(DATA FOR THIS TASK begins)

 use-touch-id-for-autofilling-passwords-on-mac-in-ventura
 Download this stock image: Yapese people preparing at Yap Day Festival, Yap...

(DATA FOR THIS TASK ends)
(DATA FOR THIS TASK begins)

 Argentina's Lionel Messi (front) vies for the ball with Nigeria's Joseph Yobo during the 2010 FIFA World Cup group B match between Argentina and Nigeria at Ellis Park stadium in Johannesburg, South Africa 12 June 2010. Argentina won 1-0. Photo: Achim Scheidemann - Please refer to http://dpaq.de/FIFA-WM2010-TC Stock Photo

(DATA FOR THIS TASK ends)

- ABOUT THIS EXERCISE:
Send back an exact copy of only the lines from the line with "use-touch-id-for-autofilling-passwords-on-mac-in-ventura" up to and including the line with "Download this stock" in the data above.

- REPLY:
 use-touch-id-for-autofilling-passwords-on-mac-in-ventura
 Download this stock image: Yapese people preparing at Yap Day Festival, Yap...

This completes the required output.